While suburban community projects, such as the Outer Cape BESS in Provincetown or the Cranberry Point BESS in Carver, are fractions of the size of this proposal and are located in out-of-the-way parts of town, Everett is being asked to stunt its growth by hosting a comparatively enormous project in one of its most potentially economically viable corridors – an area that for decades the city could only have dreamt of redeveloping.

For too long, this stretch of Everett has been an area akin to a “last mile” – where higher-end developers have avoided and economic vibrancy has long been off the table. For those looking to work with Everett to turn this area into the next Seaport, the prospect of the largest BESS facility in Massachusetts crowding their projects is a potentially fatal disincentive. This is grossly unfair to the people of Everett, who would benefit from the jobs and tax incentives these projects would bring to the city.

Further complicating this proposal is the precariousness of the region’s wind energy projects. Though wind infrastructure may be a cost-effective and sensible approach to generating renewable energy, a change in administration in Washington threatens delays and inaction, possibly ensuring that if Everett is compelled to host a large BESS facility, it could be many years before it becomes a valuable tool in the fight against climate change, leaving Everett residents to once again stare at a largely dormant facility and wonder “what if.” This is especially true as the legislature marches toward expediting the siting of facilities like this through a mandated 12-month consolidated permitting process.

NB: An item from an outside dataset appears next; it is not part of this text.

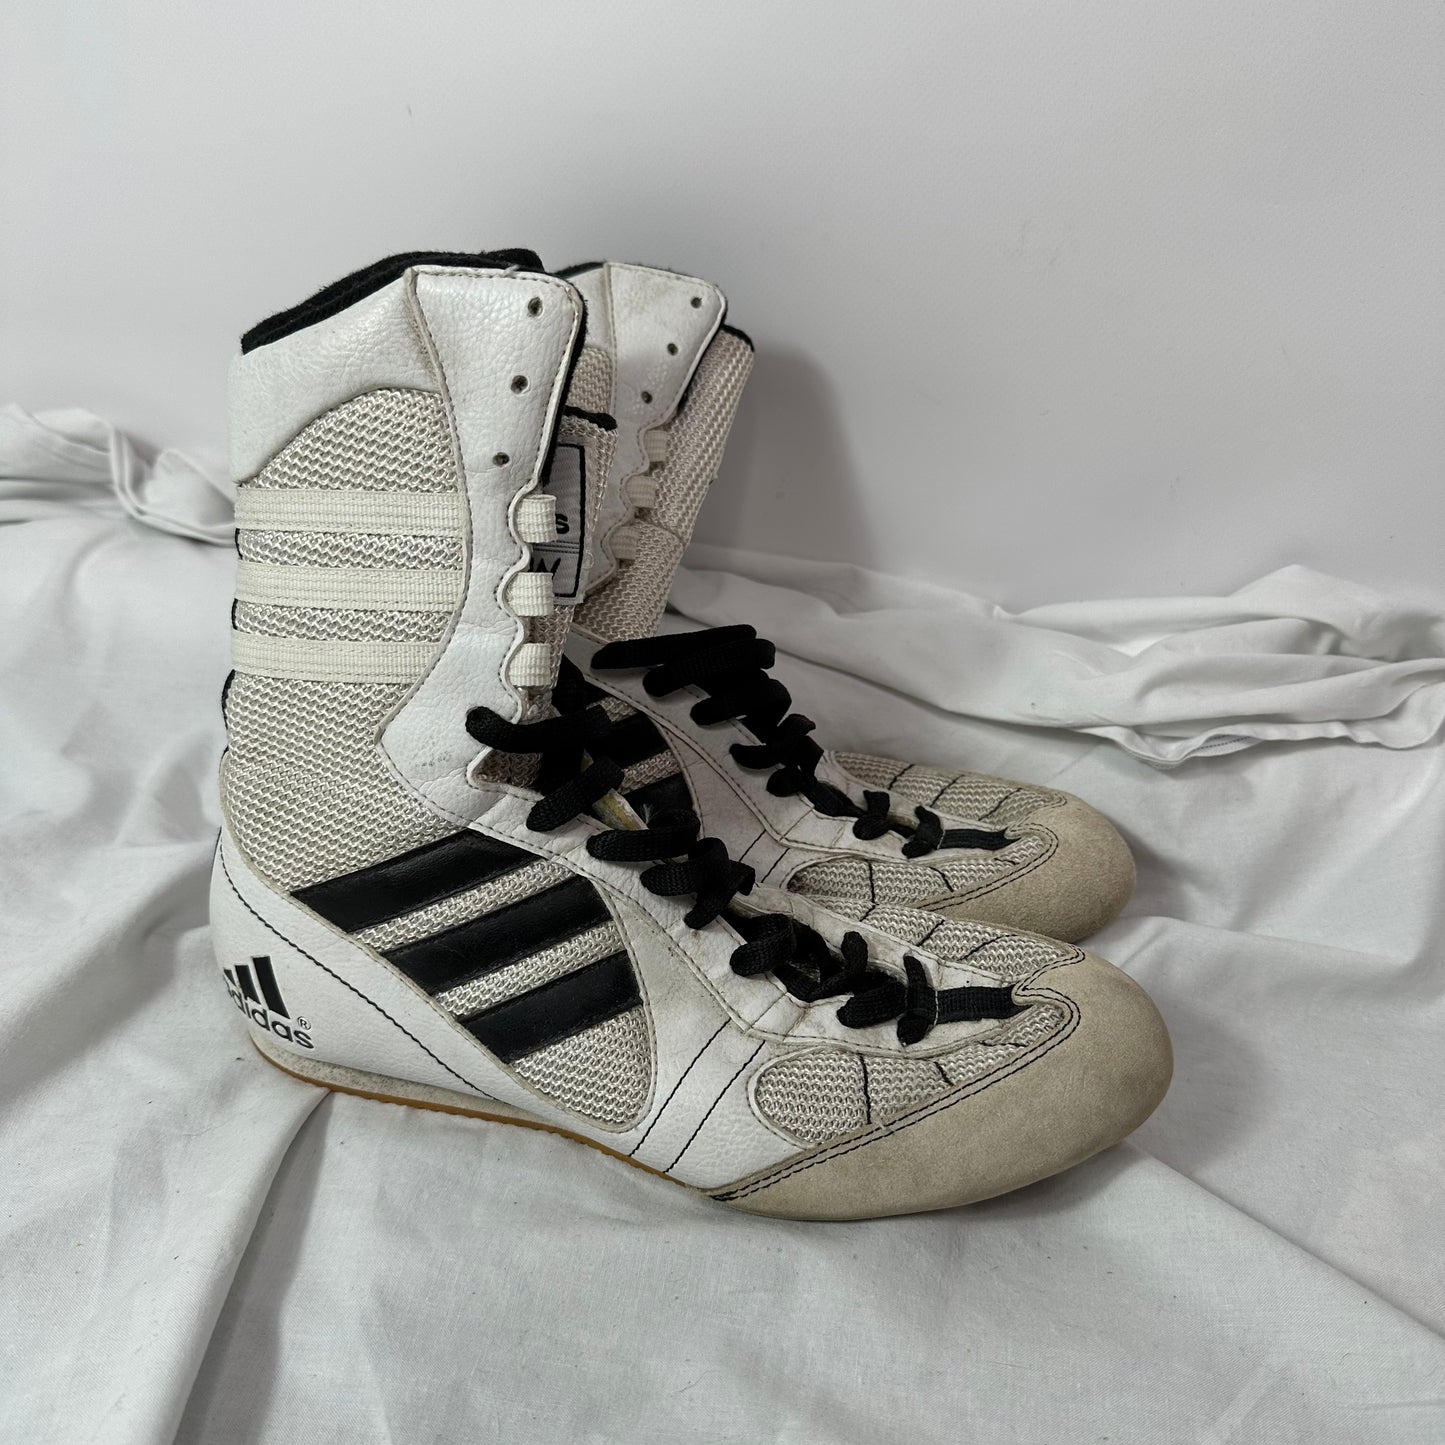 Adidas 2000s boxing boots

I understand the need to compel communities into action, but the BESS proposal for Everett, which falls well outside the margins of similar projects around the Commonwealth, is a glaring example of the law’s shortsightedness. And I say with great pride that mine has always been an administration of action: we have never needed any extra push to do the right thing.

Instead, Everett has proven time and again to be a Yes-In-My-Backyard community. We take pride in that chapter of our history in which the city genuinely could be called the “City of Diversified Industry.” I shake the hands or look in the eyes of lifelong Everett residents and know that these are the men and women who powered the Commonwealth, that mired in the unforgiving work of industry that helped neighbors like Boston and Cambridge becoming global destinations for finance, the life sciences, and academia.

Everett has always been ready to help the Commonwealth and contribute to its progress, but we ask that the Commonwealth now return the favor by ensuring that the development of a massive BESS facility does not sacrifice our city’s future. Let’s work together to find a solution that benefits all residents – not just the state’s energy goals, but the people who have already given so much.